The subscription period in the Rights Issue ended today the 6 February 2023 and a preliminary breakdown shows that 24,967,268 shares, corresponding to 35.0 MSEK or approximately 71.9 percent of the Rights issue, were subscribed for with or without the exercise of subscription rights. No investors who have issued guarantees will preliminary be allocated any shares. The Rights Issue was secured to approximately 95.7 percent through issue guarantees and the Company will therefore obtain approximately 46.5 MSEK before issue costs.
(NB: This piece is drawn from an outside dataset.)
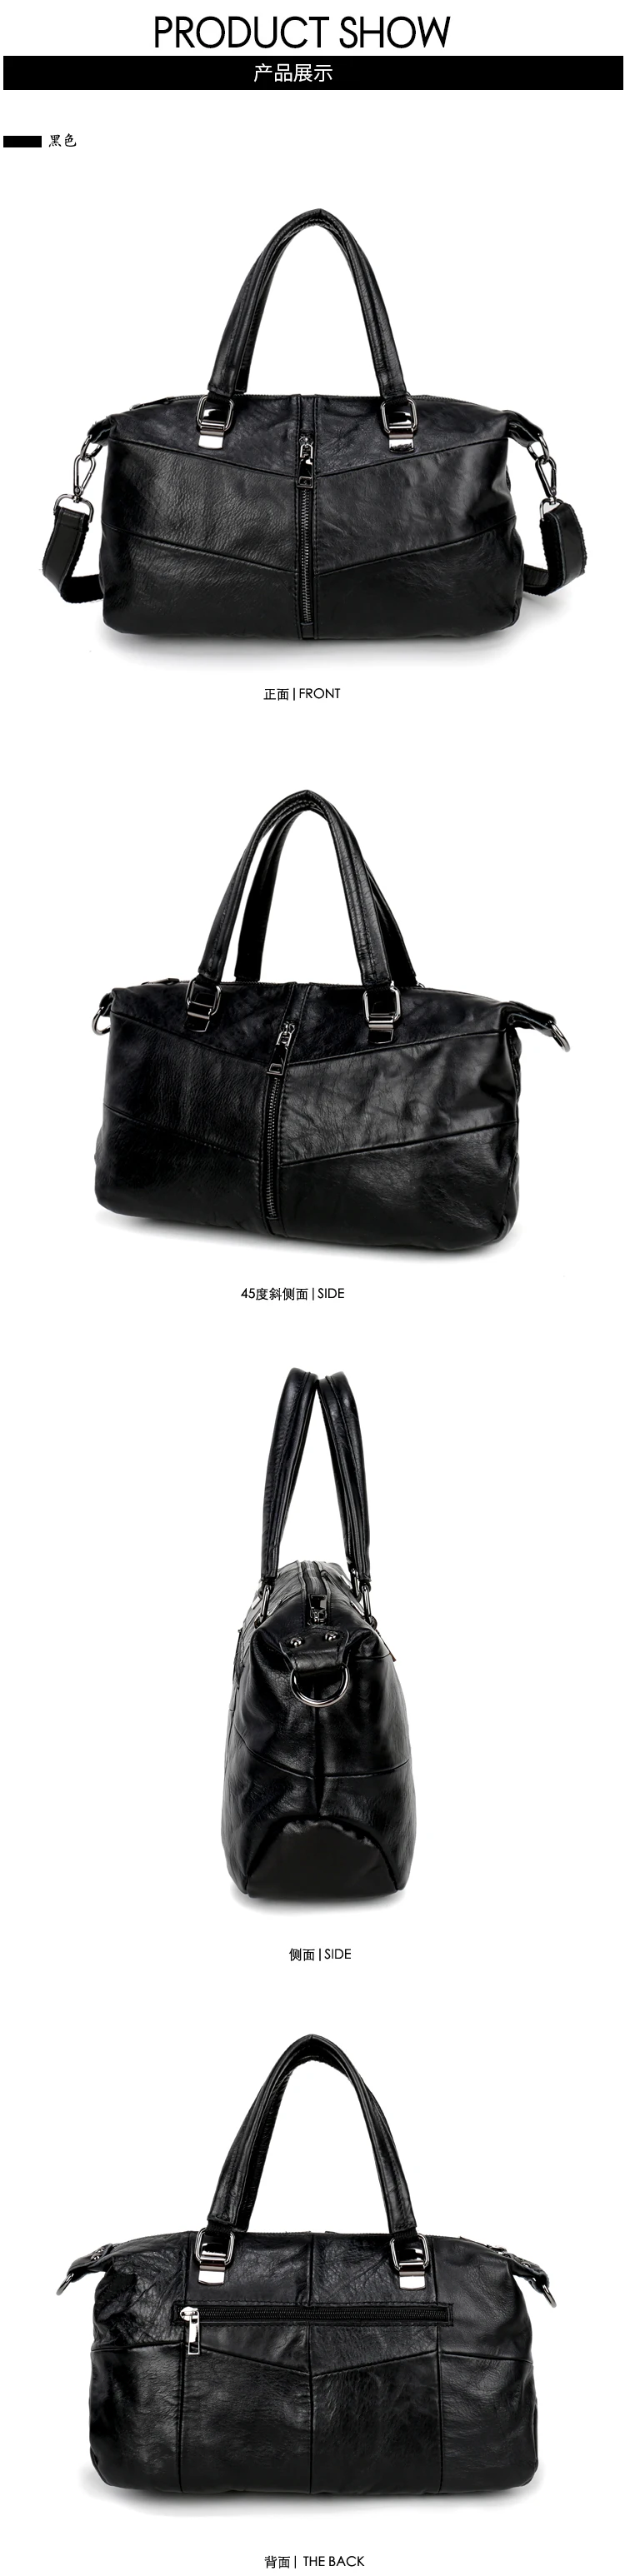 IPinee натуральная кожа женская сумка через плечо известный бренд сумки дизайнерские Pinee модные сумки
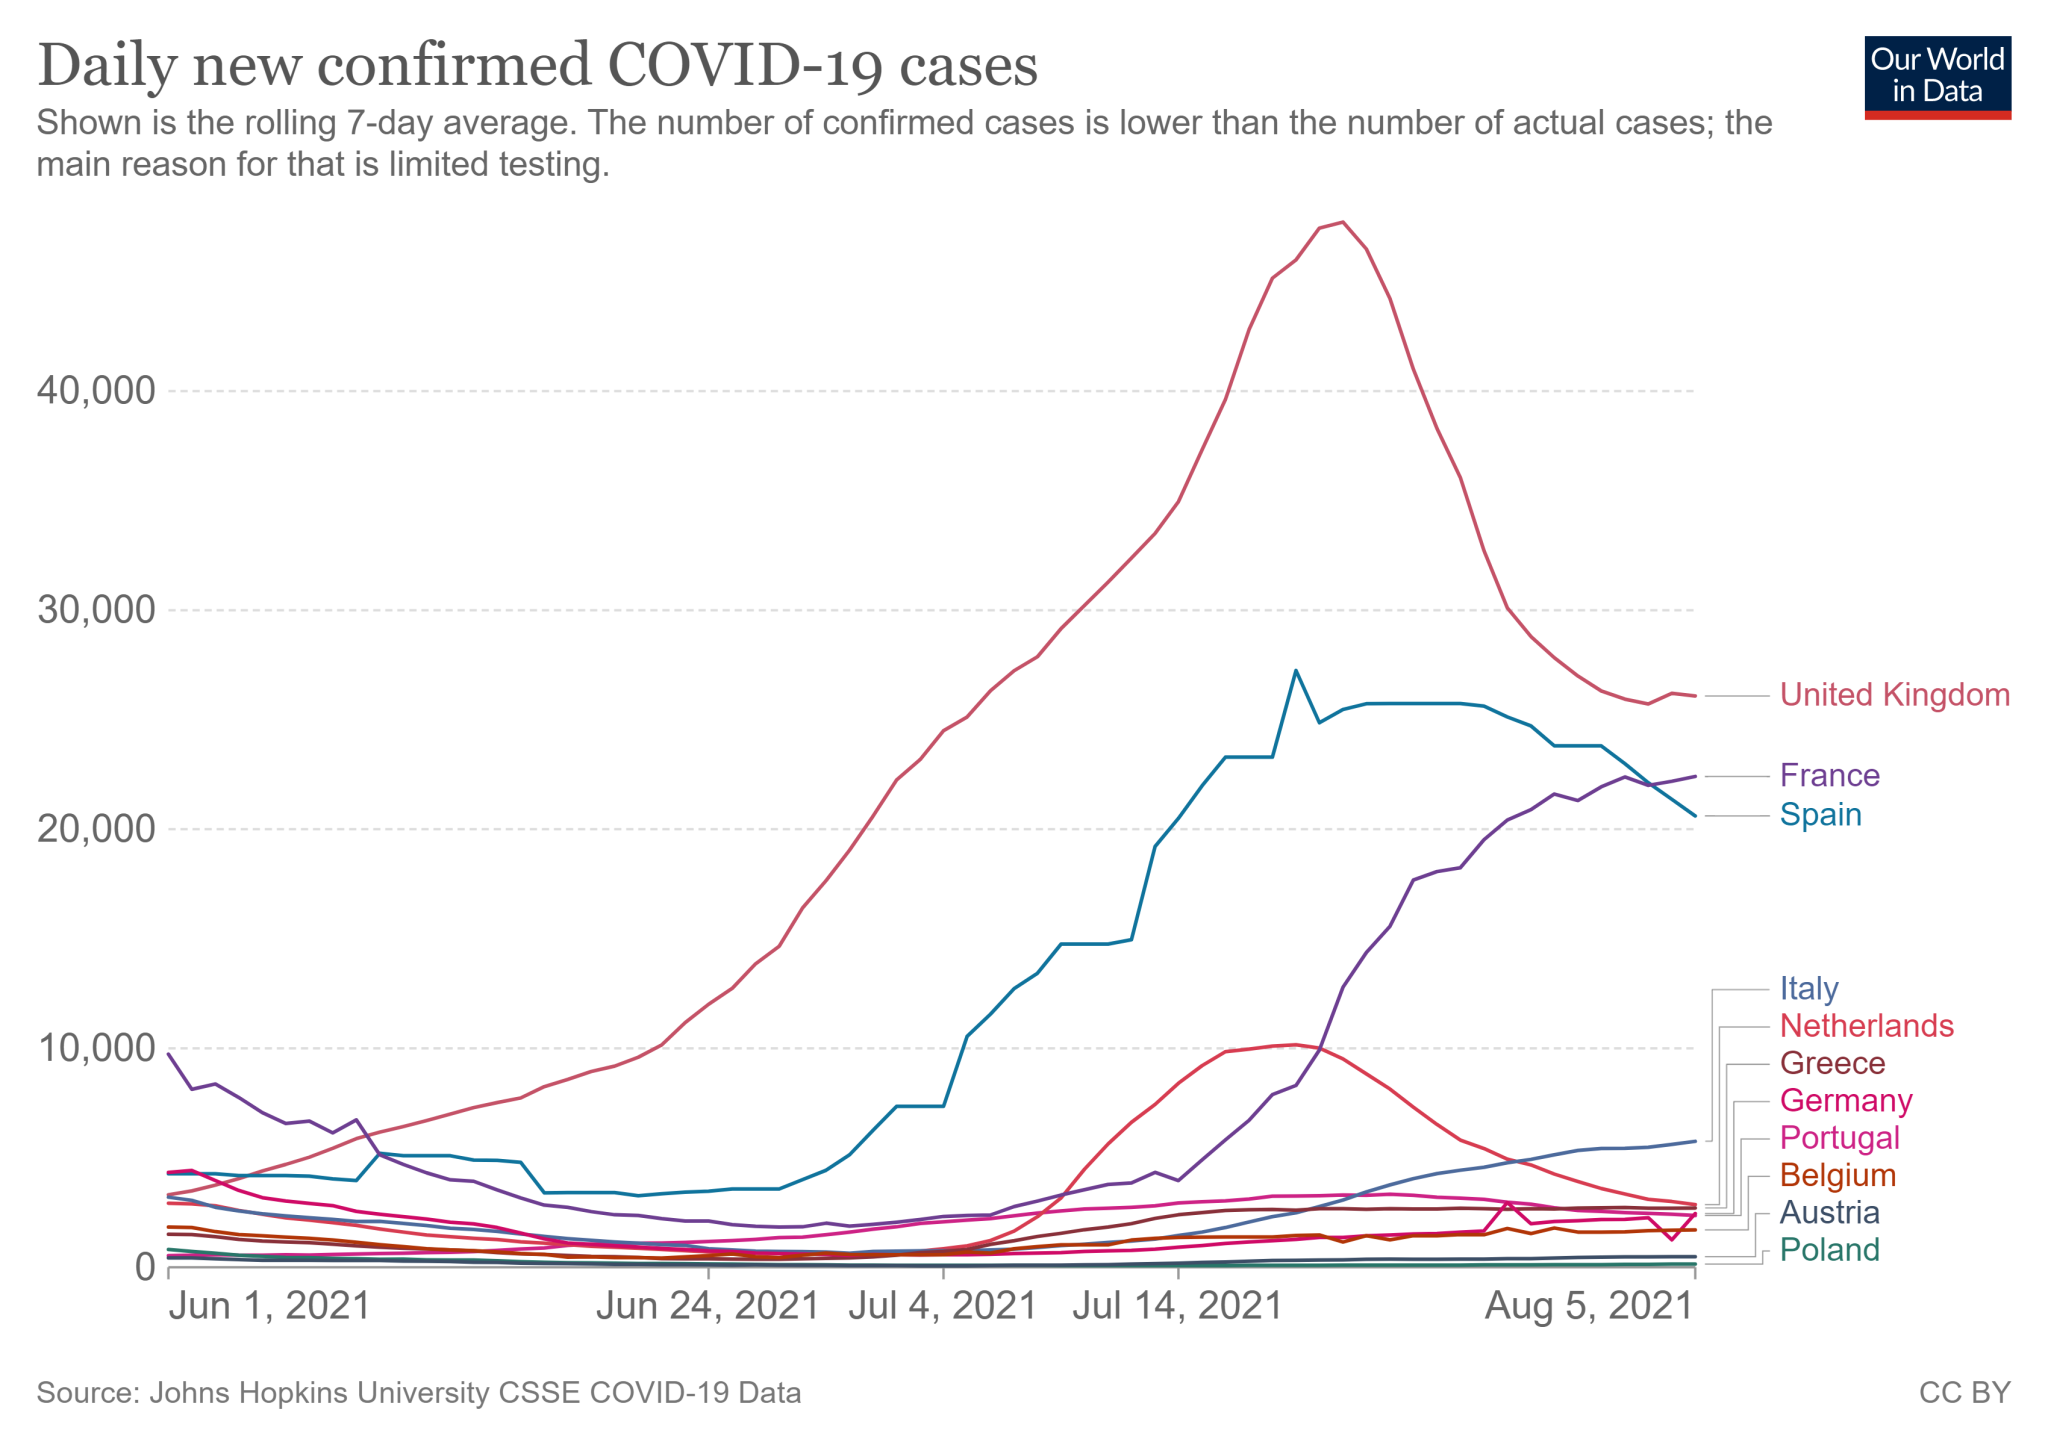 Promedio semanal de nuevos casos de COVID-19 en países europeos seleccionados del 1 de junio al 5 de agosto de 2021

The final outcome of the Rights Issue is expected to be announced on Wednesday 8 February 2023. Allocation of shares that were subscribed for without the exercise of subscription rights will be done according to the principles described in the prospectus that was prepared in connection with the Rights Issue and was published on 17 January 2023. Those who will be allocated shares without the support of subscription rights will be notified after the allocation meeting held by the Board of Directors on 8 February 2023 through contract note. Nominee shareholders will receive notification of allotment in accordance with the respective nominee’s routines. Allocated shares should be paid according to the instructions on the contract note.

Advisors
Erik Penser Bank AB is financial advisor to LIDDS in connection with the share issue and Setterwalls Advokatbyrå AB is legal advisor.